* _WHAT NEEDS TO BE DONE_:
Look below for the line that has "Scène parc de". Set down the lines from there through the line that has "Vista aérea del", exactly as written.

* _DATASET RECORDS_:

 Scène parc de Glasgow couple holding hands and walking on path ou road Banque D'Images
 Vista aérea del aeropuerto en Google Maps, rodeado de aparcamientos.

---

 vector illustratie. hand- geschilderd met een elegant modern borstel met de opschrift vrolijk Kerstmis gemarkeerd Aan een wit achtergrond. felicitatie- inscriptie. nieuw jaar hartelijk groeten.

==

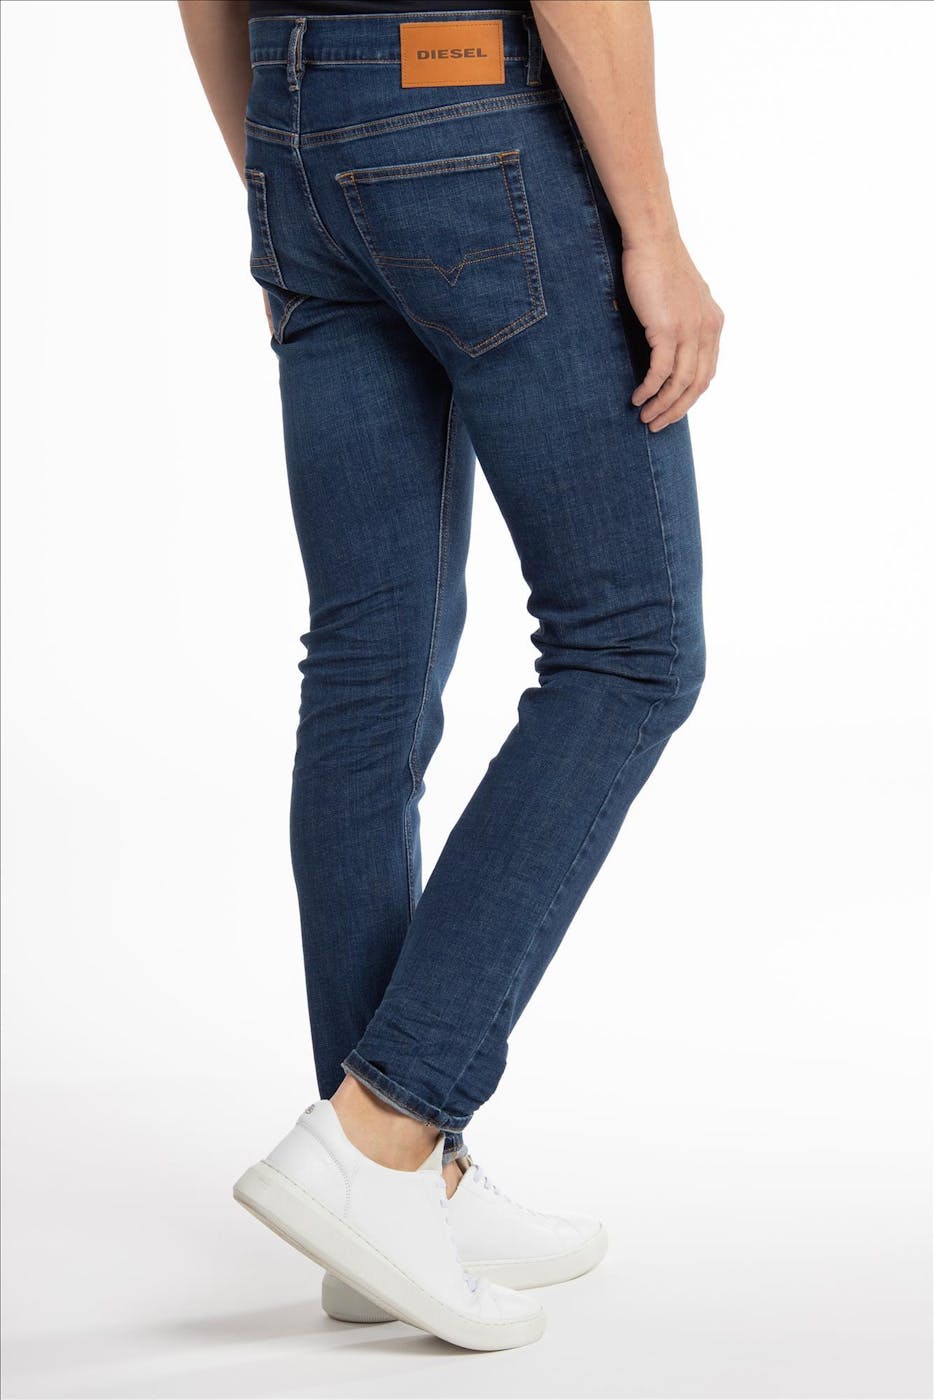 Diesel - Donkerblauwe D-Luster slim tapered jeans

* _ANSWER TO THIS PROBLEM_:
 Scène parc de Glasgow couple holding hands and walking on path ou road Banque D'Images
 Vista aérea del aeropuerto en Google Maps, rodeado de aparcamientos.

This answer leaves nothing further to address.